Wherein having Fernandez’s system of object detection particularly for vehicles wherein the one or more components of the vehicle comprise at least one of: one or more taillights of the vehicle or a license plate of the vehicle.
The motivation behind the modification would have been to allow for more accurate data to be obtained, since both Fernandez and Wilbert are both systems that use detection of parts of a car. Wherein Fernandez’s system wherein improved the accuracy of the data obtained, while Wilbert’s system provides a further increase in accuracy of obtaining data. Please see Fernandez et al. (US 20140133698 A1), Paragraph [0069] and Wilbert et al. (US 20180300578 A1), Paragraph [0101 and 00182]).
Claims 10, 20, and 30 are rejected under 35 U.S.C 103 as being unpatentable over Fernandez et al. (US 20140133698 A1) hereafter referenced as Fernandez in view of Takahashi et al (US 20160014406 A1) hereafter referenced as Takahashi, Liu et al. (US 20190103026 A1) hereafter referenced as Liu, and Tan et al (US 20230005173 A1) hereafter referenced as Tan and further in view of Lubbe et al (Brake reactions of distracted drivers to pedestrian Forward Collision Warning systems) hereafter referenced as Lubbe.

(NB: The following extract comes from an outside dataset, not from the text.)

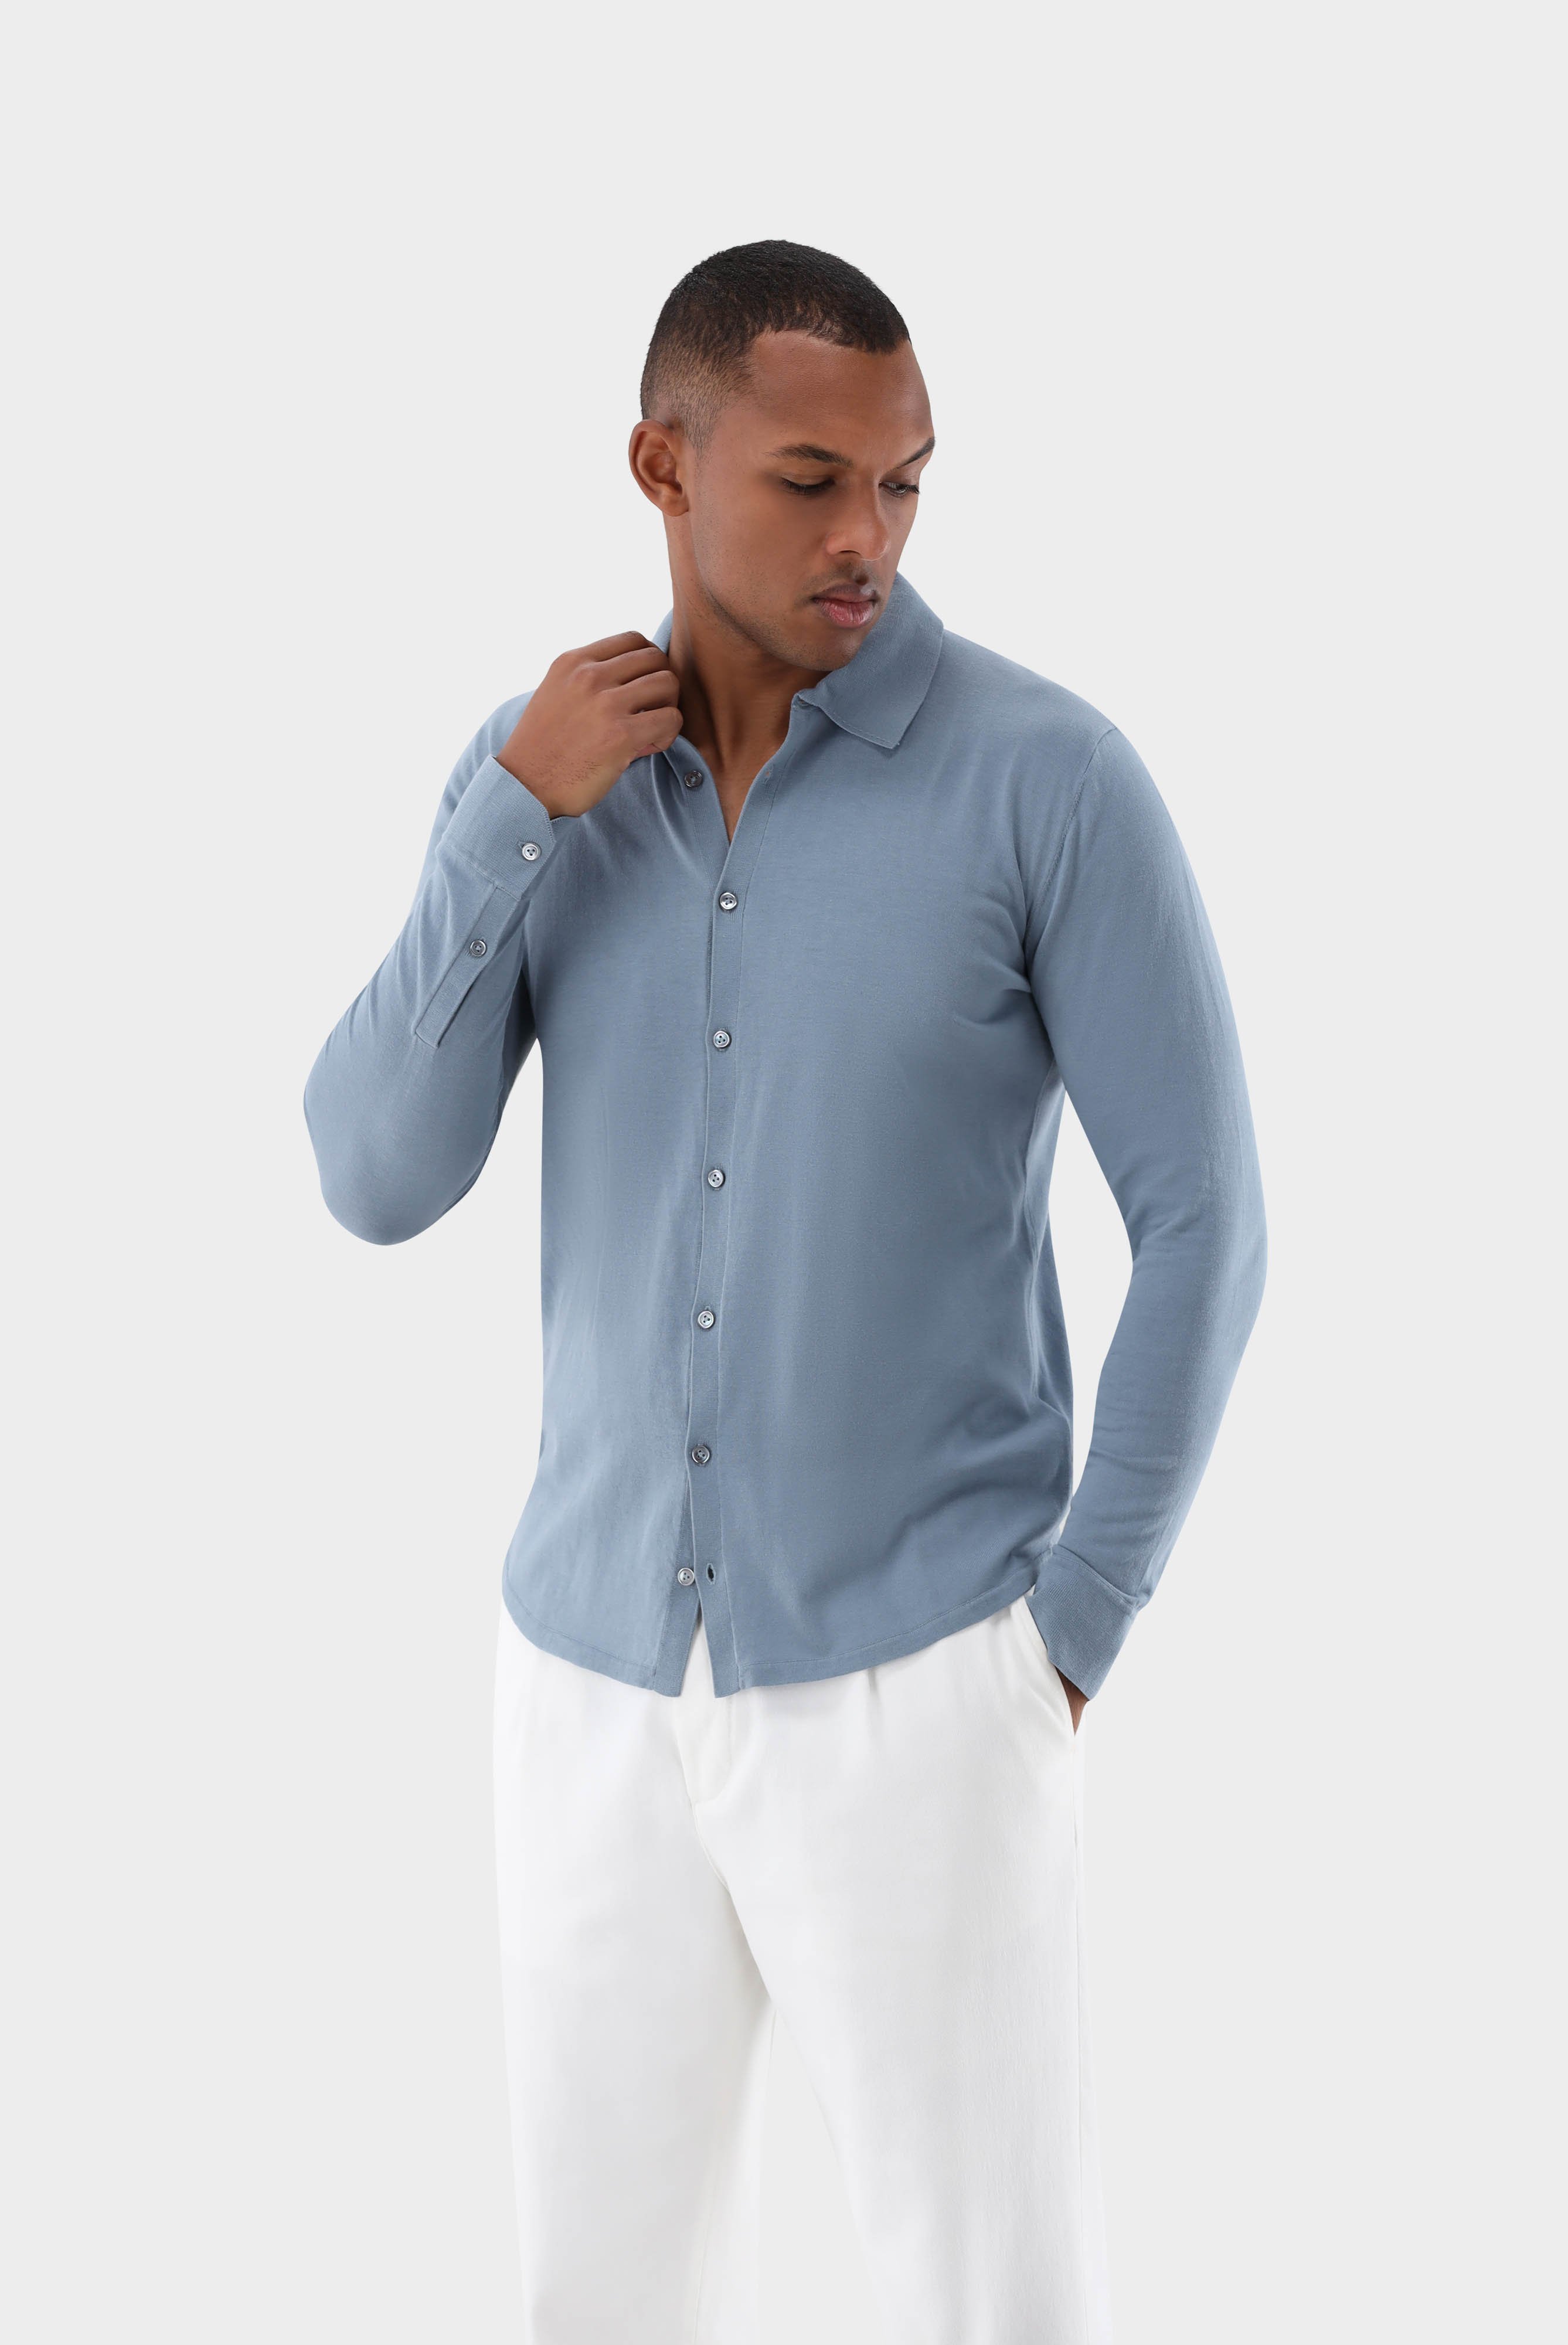 Bügelleichte Hemden+Strick Hemd aus Air Cotton+82.8611..S00174.730.L

Regarding claim 10, Fernandez in view of Takahashi, Liu, and Tan the method of Claim 1,
Fernandez explicitly teaches, wherein the identified at least one action comprises at least one of: an adjustment to at least one of (Fig. 6, Paragraph [0053]- Fernandez discloses in response to the detection, the FCW system may take an appropriate action such as warning the driver or applying brakes.):
a braking of the vehicle (Fig. 6, Paragraph [0053]- Fernandez discloses in response to the detection, the FCW system may take an appropriate action such as warning the driver or applying brakes.);
Fernandez and Tan fail to explicitly teach a steering of a vehicle, a speed of the vehicle, and acceleration of the vehicle.
However, Takahashi explicitly teaches a steering of a vehicle (Fig. 1, Paragraph [0112]- Takahashi discloses the vehicle drive control unit 104 performs the cruise assist control such as reporting a warning to a driver of the vehicle 100, and controlling the steering and brakes of the vehicle),
a speed of the vehicle (Fig. 1, Paragraph [0121]- Takahashi discloses when performing these processing, vehicle operation information such as vehicle speed, acceleration (acceleration in front-to-rear direction of vehicle), steering angle, and yaw rate of the vehicle 100 can be input using the data IF 124, and such information can be used as parameters for various processing. Data output to the external unit can be used as input data used for controlling various devices of the vehicle 100 such as brake control, vehicle speed control, and warning control.),
an acceleration of the vehicle (Fig. 1, Paragraph [0121]- Takahashi discloses when performing these processing, vehicle operation information such as vehicle speed, acceleration (acceleration in front-to-rear direction of vehicle), steering angle, and yaw rate of the vehicle 100 can be input using the data IF 124, and such information can be used as parameters for various processing. Data output to the external unit can be used as input data used for controlling various devices of the vehicle 100 such as brake control, vehicle speed control, and warning control.).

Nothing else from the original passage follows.